Prospectus

nl en

Introduction to Data Science

Course
2016-2017

Admission requirements

-

Description

Data Science emerged at the crossroads of many different fields, including statistics, machine learning, natural language processing, databases, and others. This course serves a dual purpose. On the one hand, several speakers will introduce students to a number of the topics that they will encounter during the data science master specialization or perhaps later as a professional data scientist. Company visits are included in the schedule, familiarising students with what they can expect in practice. On the other hand, the course teaches basic technical skills.
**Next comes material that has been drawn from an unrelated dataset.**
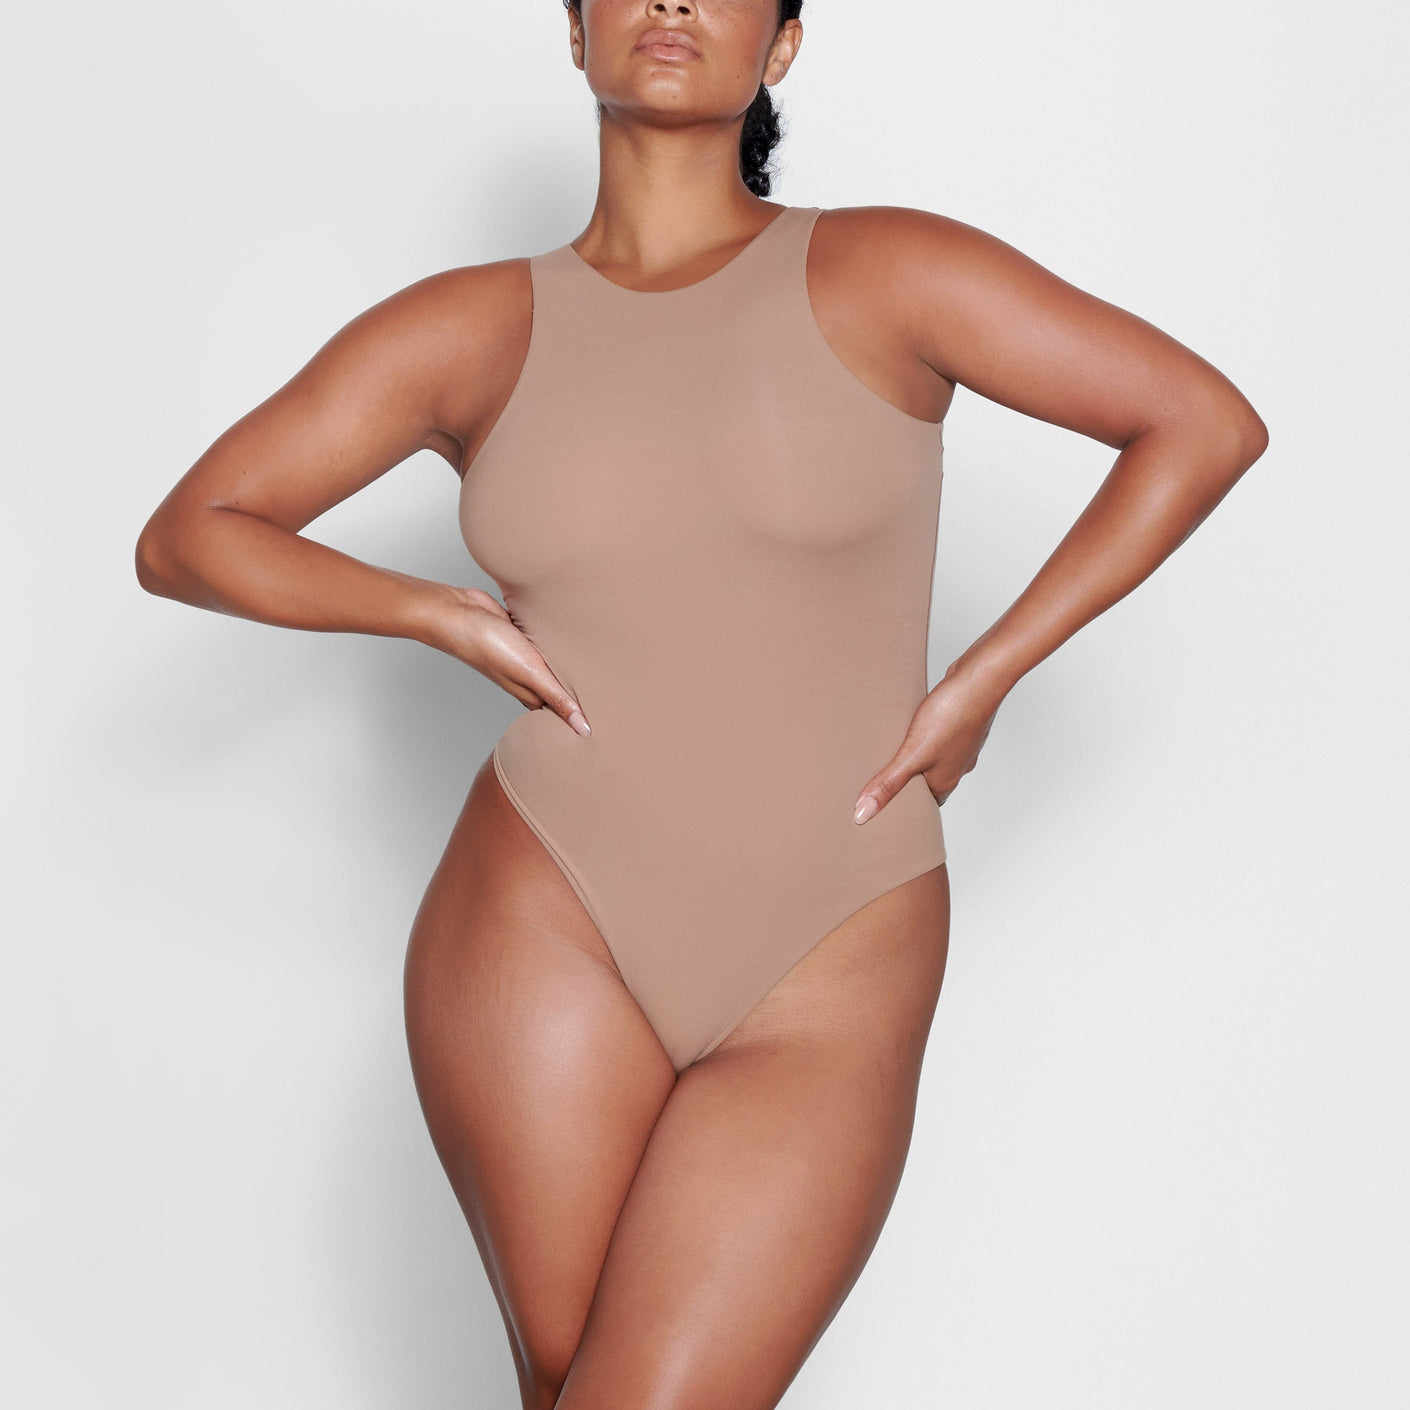 The viral Skims bodysuit by Kim Kardashian is a fan favourite for

These are: programming in Python, and basic statistics and probability theory.

Course objectives

The goal is to gain a better understanding of the very diverse field of data science, to get acquainted with the basics of statistics and the R software, and to be able to write small but readable and robust Python programs to solve statistical problems.

Mode of Instruction

There are two kind of lectures: invited speakers and excursions are interwoven with technical lectures. Some of the technical lectures are extended to make room for lab sessions. After each technical lecture, homework in the form of a Python notebook is distributed via blackboard. The homework may include some additional theory, and can have both theoretical questions and exercises that have to be completed in the form of Python programs.

Time Table

For the course days, course location and class hours check the Time Table 2016/17 under the
tab “Masters Programme” at http://www.math.leidenuniv.nl/statscience or http://liacs.leidenuniv.nl/education/master/schedules/.

Assessment method

The homework counts for half of the final grade; an exam at the end of the semester determines the other half. The homework will be distributed at the end of each technical lecture, and should be uploaded on blackboard.
The written exam is similar to the homework exercises, but may also include questions about the field trips and guest lectures. It requires the use of an offline laptop.

Exam and resit information about the date can be found in the time table. The exams take place in the Snellius building, the room will be announced on the electronic billboard, to be found at the opposite of the entrance, the content can also be viewed online at: http://info.liacs.nl/math/
If the exam does not take place in the Snellius building, then an announcement will be sent via blackboard.
For succesful completion of the course, both the average homework grade and the exam grade should not be below 5.5.

Reading list

There is no compulsory literature. The course involves programming in R and Python, and some statistical topics. For students who desire backup material, here are recommended textbooks for these three topics. (Consider that some of these textbooks may be compulsory reading for other courses.)

  • John A. Rice. Mathematical Statistics and Data Analysis. Brooks/Cole

  • Normal Matloff. The Art of R Programming. No Starch Press

  • Allen B. Downey. Think Stats. O'Reilly. (Freely available online.)

Course Registration

Enroll in Blackboard for the course materials and course updates.
To be able to obtain a grade and the ECTS for the course, sign up for the (re-)exam in uSis ten calendar days before the actual (re-)exam will take place. Note, the student is expected to participate actively in all activities of the program and therefore uses and registers for the first exam opportunity.
Exchange and Study Abroad students, please see the Prospective students website for information on how to apply.

Contact information

steven [dot] de [dot] rooij [at] gmail [dot] com

Remarks

This is a compulsory course in the master's program of the specialisation Data Science.